Entanglement Properties and Dynamics of Collectively Dissipating Multilevel Atom Arrays

Abstract

Achieving an efficient and controllable atom-light interface is essential for quantum technologies. In this context, subwavelegnth atomic arrays provide a promising platform, as collective radiance effects can be exploited to achieve an enhanced atom-light coupling and a higher fidelity in certain quantum optics protocols. In such systems, constructive (superradiance) and destructive (subrradiance) interference between the scattered photons enables to suppress spontaneous emission into undesired optical modes, while enhancing it into desired, detectable modes.
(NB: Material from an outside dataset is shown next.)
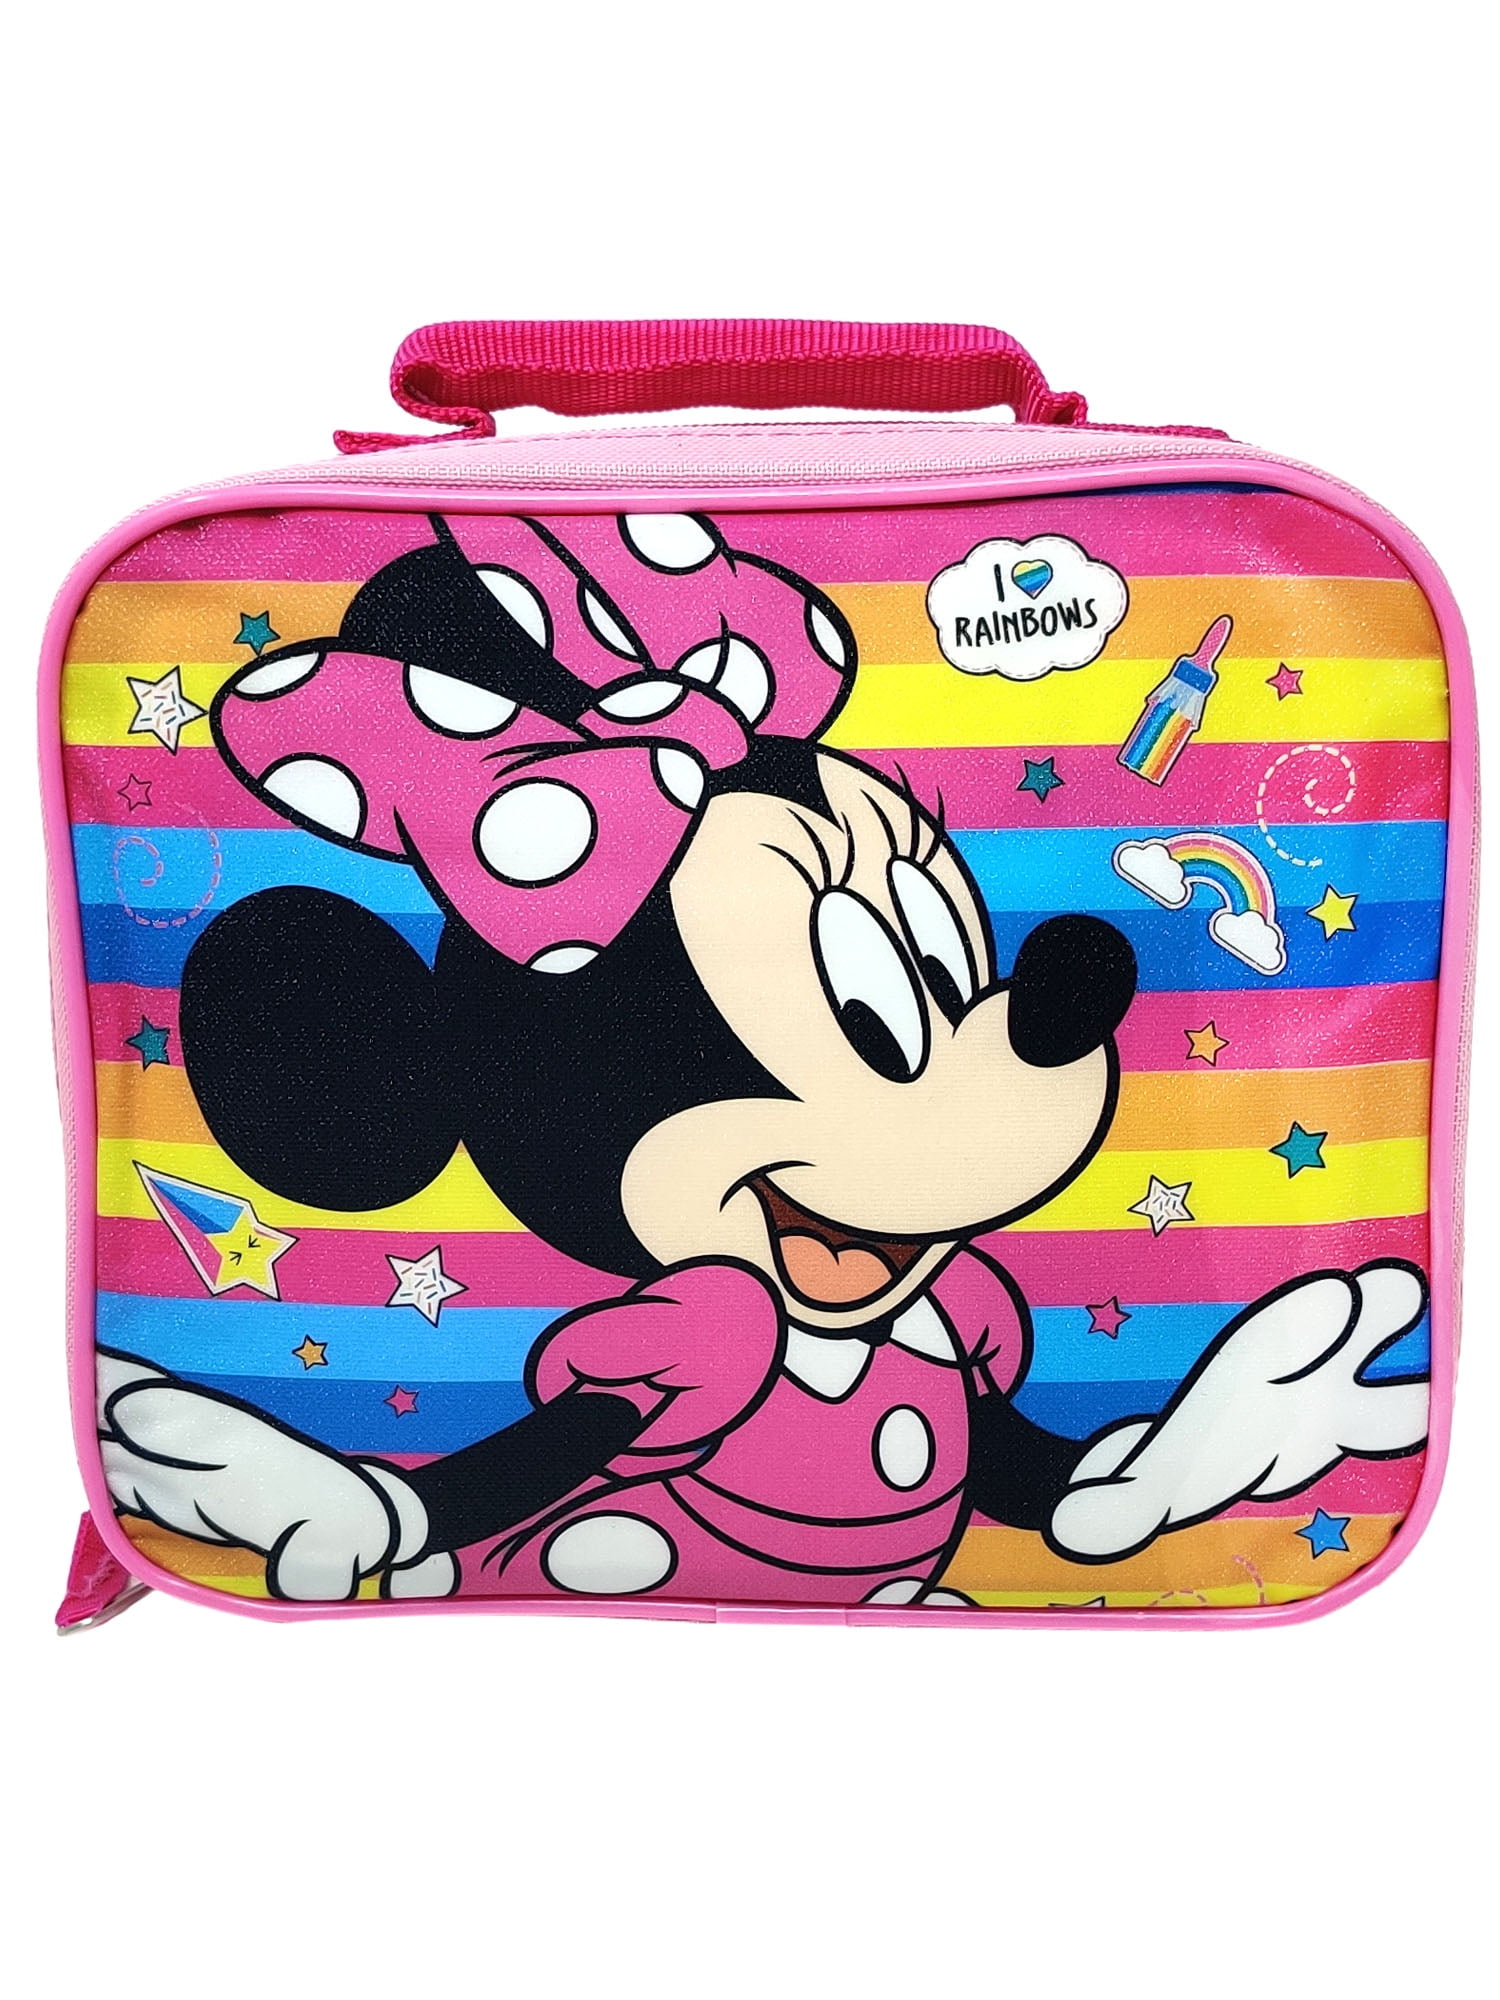 Disney Minnie Mouse Sandwich Lunch Box/Bag with Carry Handle

In this work, we explore how these ideas, originally developed for two-level atoms, can be extended to multilevel structures with a focus on Λ-type atoms with one excited state and two degenerate ground states. To this end, we generalize the open quantum spin model to multilevel atoms and apply it to Λ systems. We study the collective radiative properties and the entanglement of Dicke states, using a mapping onto SU(3) algebra. Furthermore, we analyse how finite-size effects and coherent interactions modify collective radiance, leading to the emergence of darker states in the two excitation manifold of Λ-systems, compared to the case of two-level atoms, for an atom number N ≥ 10. We also study the dissipative Dicke dynamics for a fully inverted initial state, showing that the evolution is restricted to the symmetric sector. In the finite-size array case in presence of coherent interactions, we identify a peak in the dynamical evolution of entanglement, coinciding with the superradiant burst and find that the system reaches a non-trivial entangled steady state.